The parties agree that each party has reviewed this Agreement and has had the opportunity to have counsel review the same, and that the language used in this Agreement will be deemed to be the language chosen by the parties hereto to express their mutual intent and no rule of strict construction shall be applied against any party.  Whenever required by the context, any gender shall include any other gender, the singular shall include the plural and the plural shall include the singular.

The rights and remedies of the parties hereunder whether herein specified or otherwise, shall be cumulative and the exercise of one or more of them shall not preclude the exercise of any other rights or remedies they may have hereunder, or by law.

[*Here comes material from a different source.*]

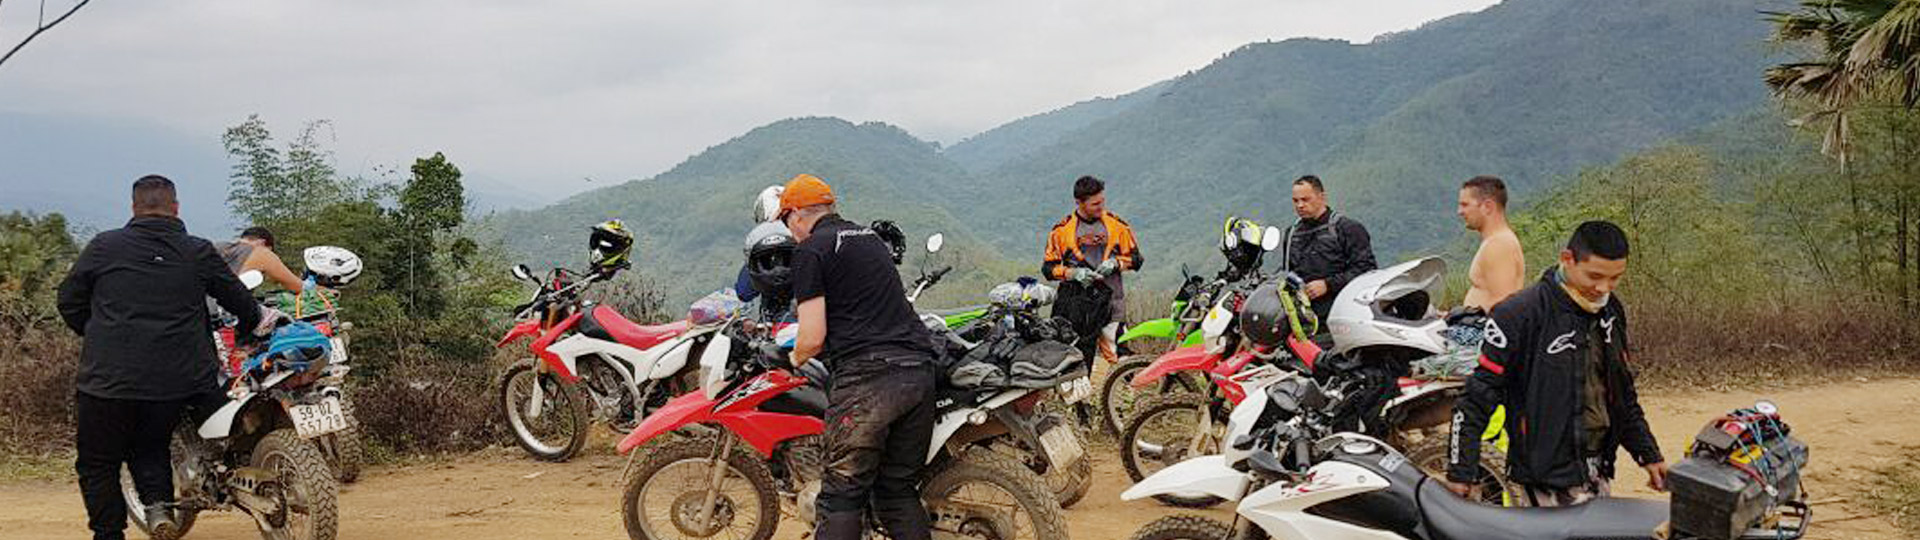 4 days Yangon Motorbike Tour To Bagan

    1. The Company hereby agrees to protect, defend and indemnify Sponsor and its affiliates, officers, directors, shareholders, members, agents and employees (collectively, the “Sponsor Indemnified Parties”) and hold them harmless from and against any and all out-of-pocket claims, demands, losses or expenses, including reasonable attorneys’ fees (“Claims”), arising directly or indirectly from or out of any (i) breach by the Company of its covenants or obligations hereunder, or (ii) negligence or willful misconduct by the Company, except to the extent attributable to a Force Majeure Event or the negligence or willful misconduct of a Sponsor Indemnified Party.

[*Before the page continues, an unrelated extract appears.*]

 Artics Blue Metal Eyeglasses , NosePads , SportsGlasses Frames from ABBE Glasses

    1. Sponsor hereby agrees to protect, defend, and indemnify the Company and its affiliates, officers, directors, shareholders, members, agents, employees, tenants and sponsors (collectively, the “Company Indemnified Parties”) and hold them harmless from and against any and all Claims arising directly or indirectly from or out of any (i) breach by Sponsor of its covenants or obligations hereunder, or (ii) negligence or willful misconduct by Sponsor, except to the extent attributable to the negligence or willful misconduct of a the Company Indemnified Party.  Additionally, Sponsor hereby further agrees to protect, defend and indemnify the Company Indemnified Parties and hold them harmless from and against any and all Claims arising directly or indirectly from or out of the Content.
  1. E
    1. In the event that the performance of this Agreement is prevented because of an act of nature or a Force Majeure Event or if the exhibition of any event is cancelled because of inclement weather, strike, lockout, labor dispute or other cause of similar nature beyond the reasonable control of the Company, the same shall not constitute a breach of this Agreement by the Company, provided, that the Company uses reasonable commercial efforts to overcome or mitigate the effects of such occurrence.

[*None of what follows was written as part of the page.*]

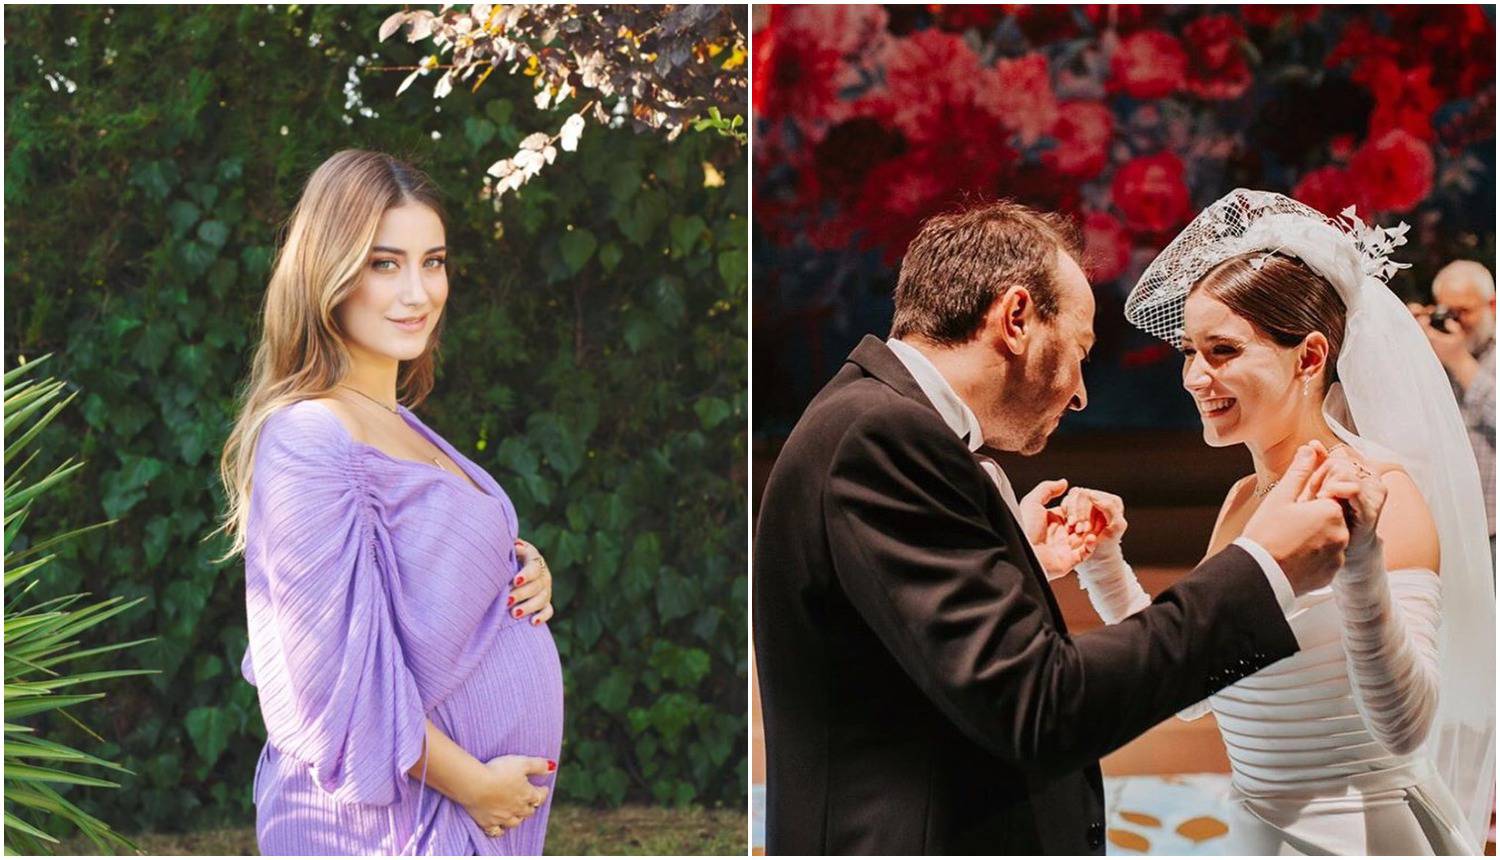 Dobra godina: Turska zvijezda 'Feriha' rodila sina i udala se

The parties all agree that the terms of this Agreement are confidential and shall not be disclosed to any third party (other than each party’s respective officers, directors and employees, in their capacities as such, and their respective auditors and lawyers), except as may be required by law; provided, however, that the Company may disclose this Agreement to its or its subsidiary’s prospective or actual lenders.  In the event that a party desires to make a public statement or announcement or other communication to any third party regarding this Agreement, such party must consult with the other party before issuing any press release or otherwise making any such statements and no party nor any of its affiliates shall issue any such press release or other third party communication unless each of the parties agree in advance on the form and substance of such communication, except as may be required by law.

This Agreement embodies the entire agreement and understanding of the parties with respect to the subject matter hereof and supersedes all prior and contemporaneous agreements or understandings between the parties, oral or written, with respect thereto.